5 Questions: Nicki Reckziegel, Emerging Architect

5 Questions: Nicki Reckziegel, Emerging Architect

Posted 29 January 2015 by Nicki Reckziegel
Nicki Reckziegel, Retracing a Place of Memory - The Contemplator Nicki Reckziegel, Retracing a Place of Memory - The Contemplator

Montréal-based Nicki Reckziegel is the winner of the Canada Council’s 2014 Prix de Rome in Architecture for Emerging Practitioners.  With this award, she will travel to “institutions of refuge” (crisis centers, safe houses, hospitals) in 18 locations across Central and East Africa. She will also intern with MASS Design Group, a non-profit organization that has designed health-care facilities in developing countries around the world. Through this travel and internship, she will study the role of architecture and memory in the aftermath of traumatic events.

The Prix de Rome is awarded each year to a talented recent graduate of a Canadian school of architecture to broaden his or her knowledge of contemporary architecture culture.

Nicki recently agreed to answer a few of our questions about her work.


Much of your work to date has focused on the subject of memory and architecture. What is it about this subject that inspires you? Can you tell us about a building that is a good example of this?

Engaging with memory as it relates to architecture triggers a spectrum of other concerns – history, culture, politics, religion, psychology. This is what interests me most, that architecture cannot stand alone but is inherently multi-disciplinary and anchored in place and in life. As such, an architecture that embraces memory can go far beyond the idea of a museum or a memorial. It could be a house, a hospital, a school, a prison – it is an architecture that has considered its own past present and future as well as that of its inhabitants and all that that entails.

Do you feel architects have a responsibility to help to build a better world? If so, how?

I think that architects have the same responsibility that all people do, to engage with the world as a whole and to consider the impacts of our actions. Nevertheless, architects are trained with a particular skillset and holistic way of thinking that can allow us to contribute to a “better world” in unique ways and that potential should not be left untapped.

What do you hope to learn from your travels and internship in Central Africa?
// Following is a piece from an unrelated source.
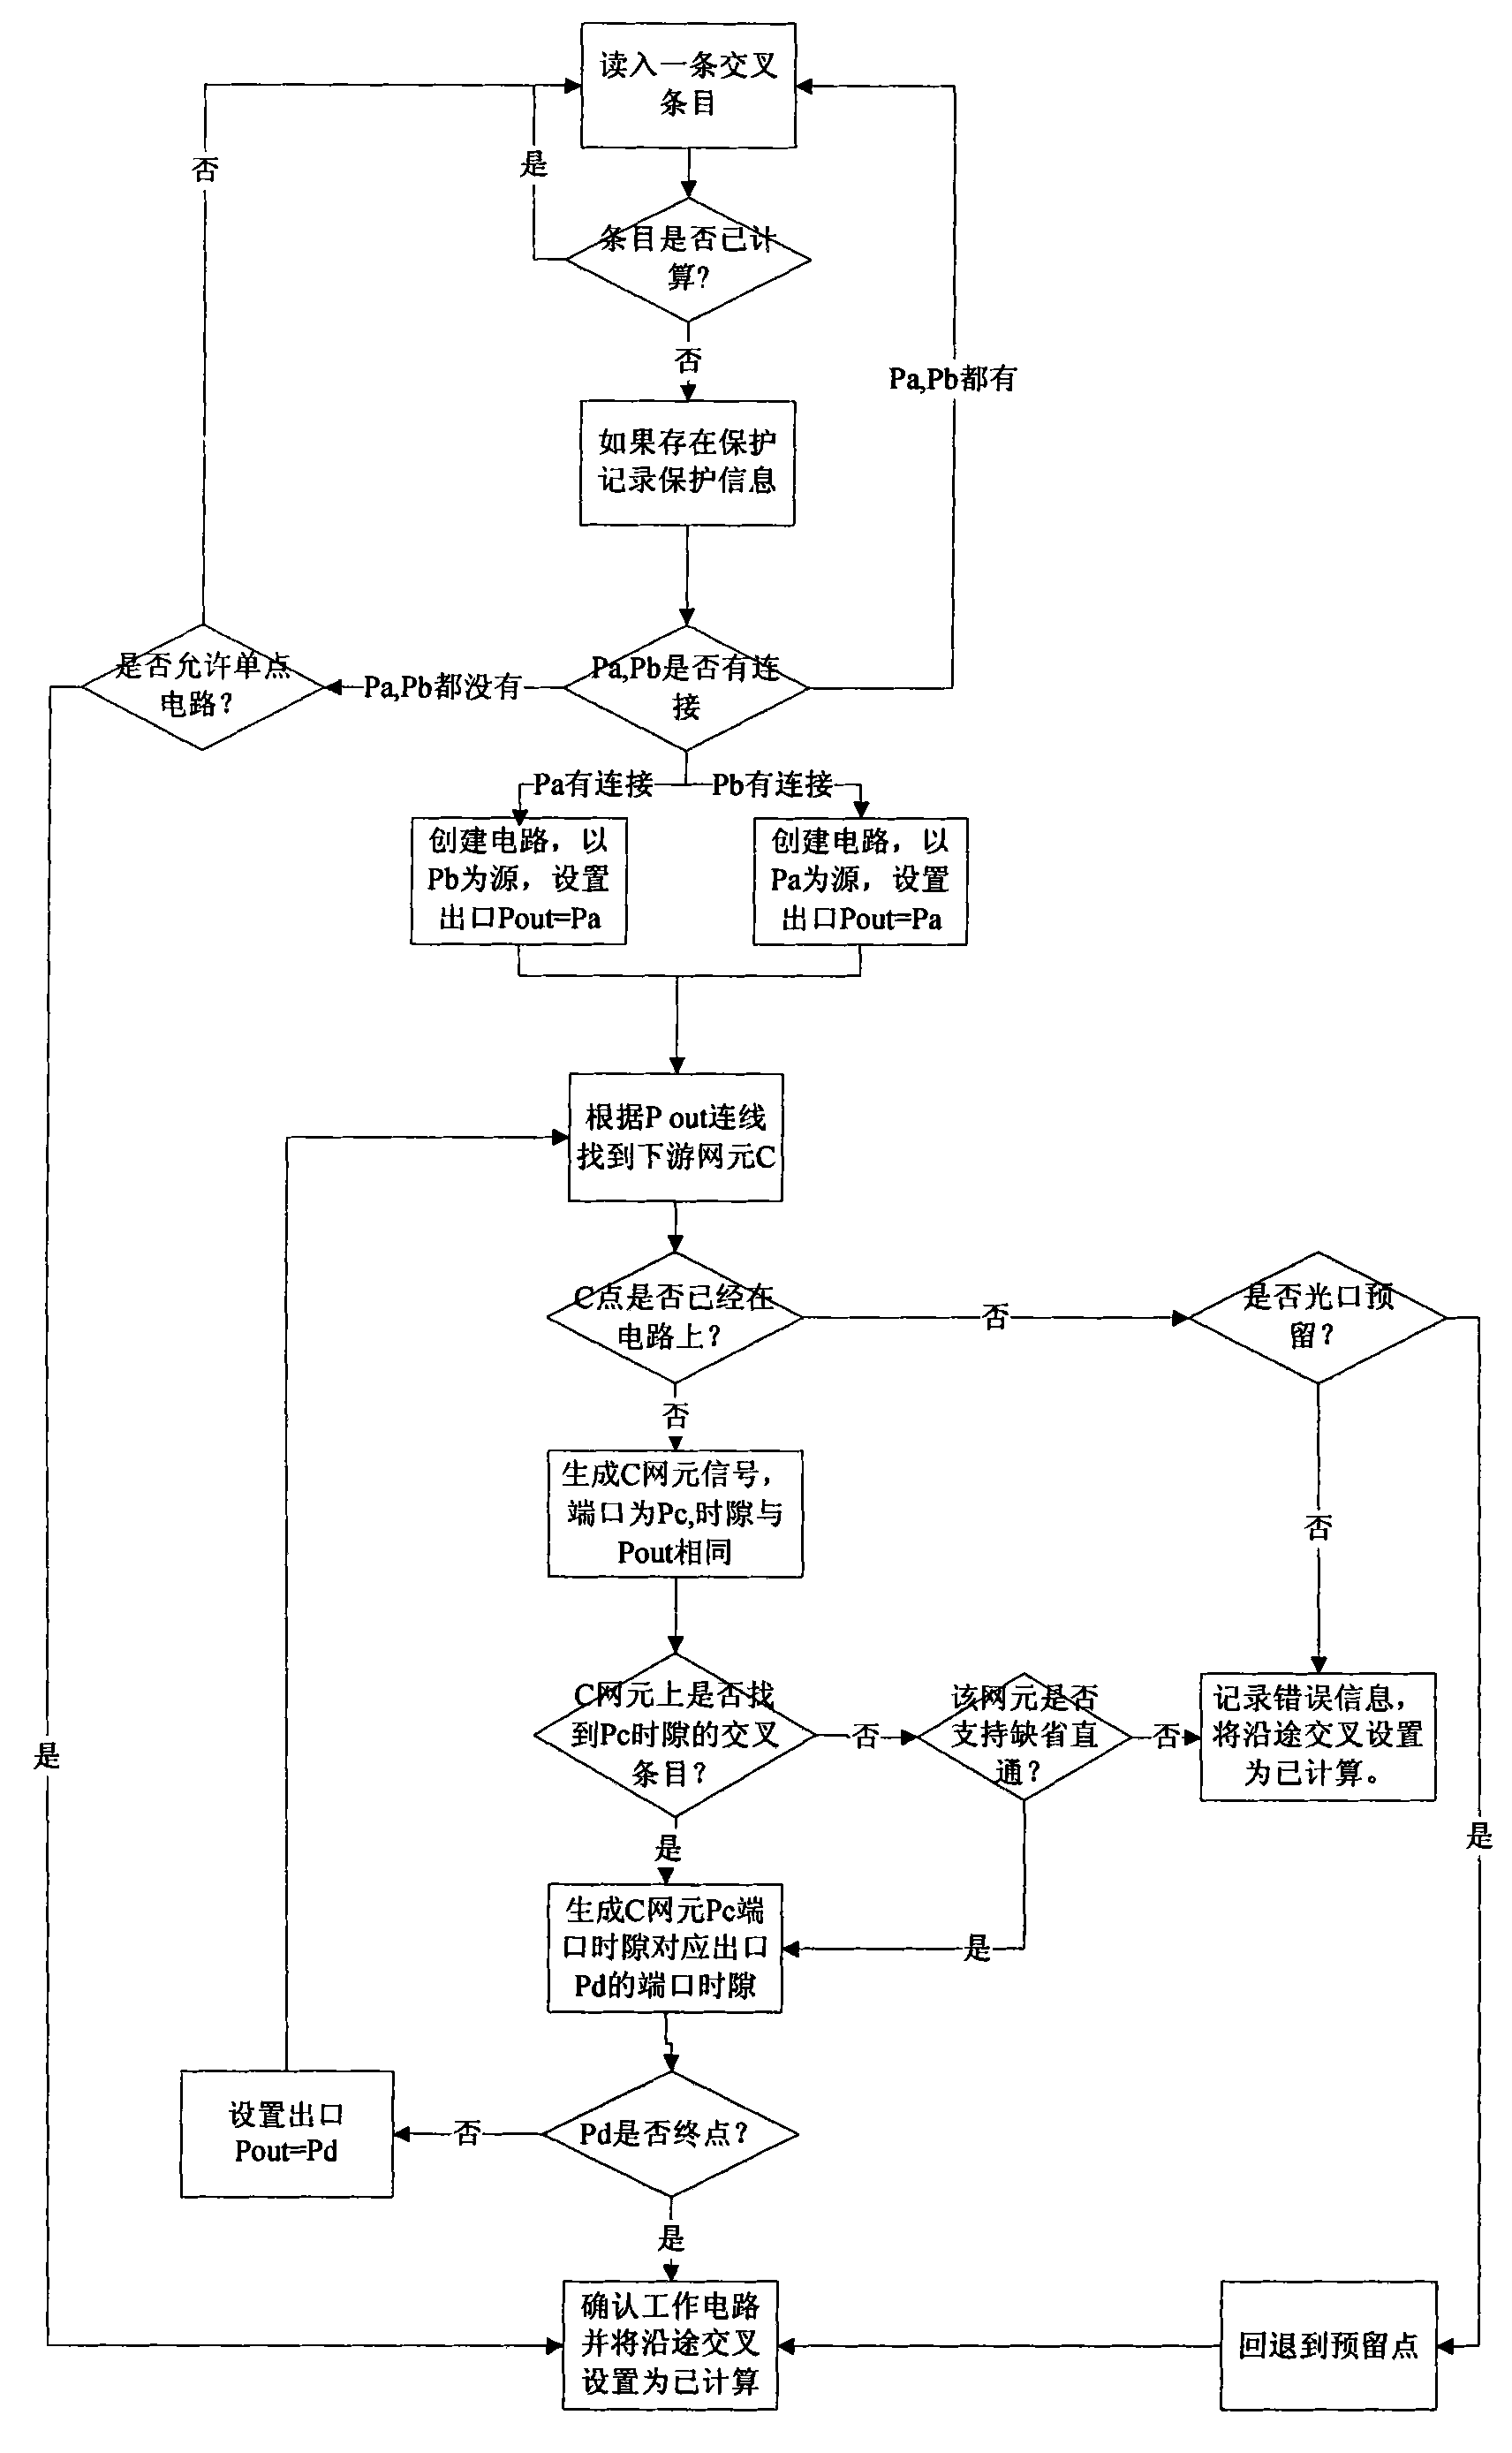 Script description-based transmission network circuit information generating method and system

Women and children play crucial roles in building and sustaining communities, but the conversation on memory is often dominated by other groups. This research will be an effort to hear these voices and tend to them. Traumas endured by individuals – such as familial loss, assault, mutilation, rape, pregnancy – beyond their immediate repercussions, carry insurmountable social stigmas which isolate victims from their communities. In the end, both the individual and the community suffer.

Through my travels and research, I hope to uncover how the physical places in which people seek refuge in the aftermath of trauma might contribute to the healing process. I would put forward that the architecture of these places has the potential to foster supportive relationships - the traumatic memory that might otherwise isolate a victim can be communalized and approached by a group as a whole.
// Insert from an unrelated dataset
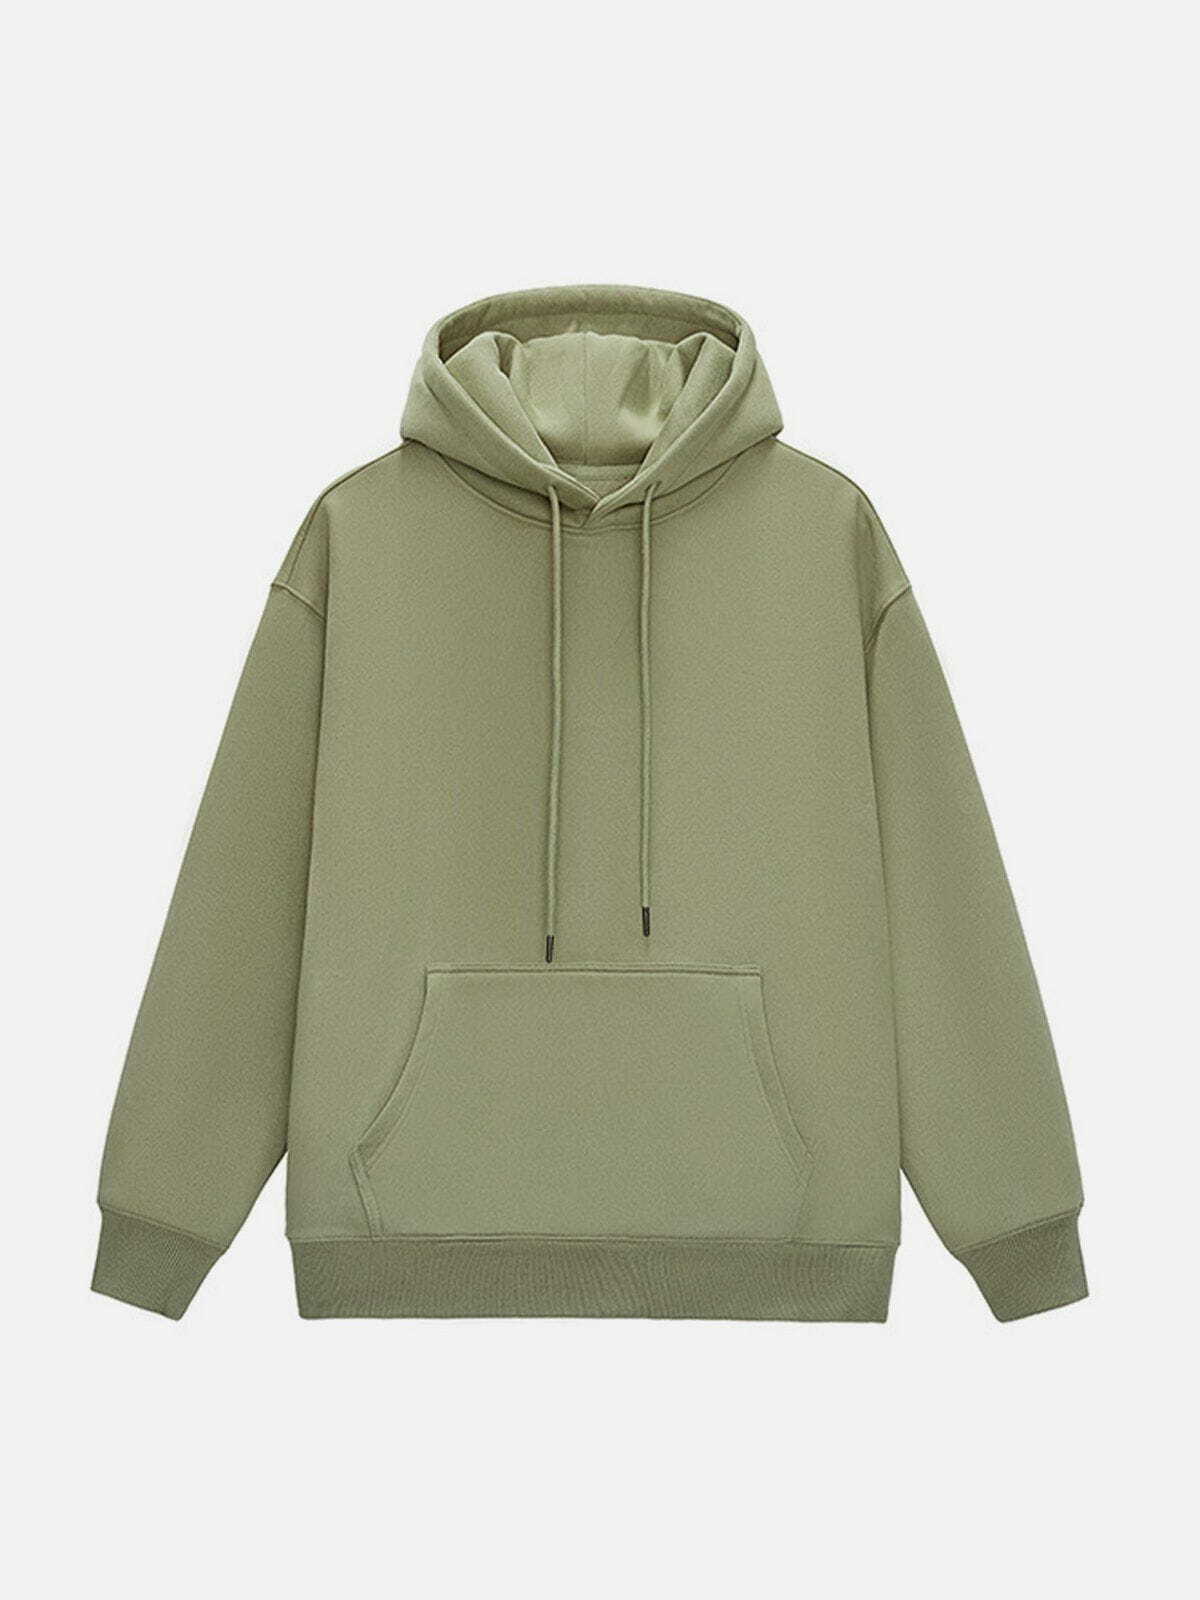 dynamic drawstring hoodie versatile & vibrant streetwear 8814

This same spirit of community action can be found in the architectural process of MASS Design Group, the firm with which I will be interning in Kigali, Rwanda. Their work challenges the boundaries of architecture through a design and construction process that empowers communities, fosters dignity and improves lives. I hope to gain from them a physical, material, and architectural grounding for my research.


What will you learn that could be shared with Canadian communities that have suffered through traumatic events? How will you share this information?

My travels will take me through Rwanda, Burundi, DR Congo, and Kenya, where the potential for trauma is compounded by generations of cross-border wars, ethnic rivalry, and internally-displaced persons. While Canada may be free of such crises, we are not immune to many of the same atrocities that plague individuals in Africa and most cases are equally stigmatized.

Through my research I hope to learn how an architecture of refuge can function as a place to dispel stigma, form communities of survivors and healers, and prepare people to dignifiedly re-establish themselves in their lives. These findings could have direct applications in Canada and will serve as the groundwork for further research on what remains a critical discourse here at home.

I will put together a book of photographs, architectural plans, and human narratives collected in Africa and distribute it to architectures of refuge across Canada. My hope is to further encourage the traumatic memory to be “communalized,” this time creating communities and sharing hope between survivors across cultures and continents.

What does winning the Prix de Rome prize mean to you as an artist?

The Prix de Rome in Architecture for Emerging Practitioners represents for me an incredible opportunity, not only for the year to come but for the promise of my future practice as an architect, for which these experiences will undoubtedly prove invaluable. It is also a validation; it recognizes that architecture plays an important role in trauma and memory that is worth exploring.

Nicki Reckziegel. Photo: Ji Won Jun

About the Author: Nicki Reckziegel

Nicole Reckziegel is the winner of the Canada Council’s 2014 Prix de Rome in Architecture for Emerging Practitioners. A recent graduate of McGill’s Architecture program (M. Arch., B.Sc. Arch.), she is interested in the subject of memory and architecture in institutions of refuge. Her Master’s thesis studied the site of the Tuol Sleng Museum of Genocidal Crimes in Phnom Penh, Cambodia – a building that was once a high school, then a prison of the Khmer Rouge, before becoming a museum.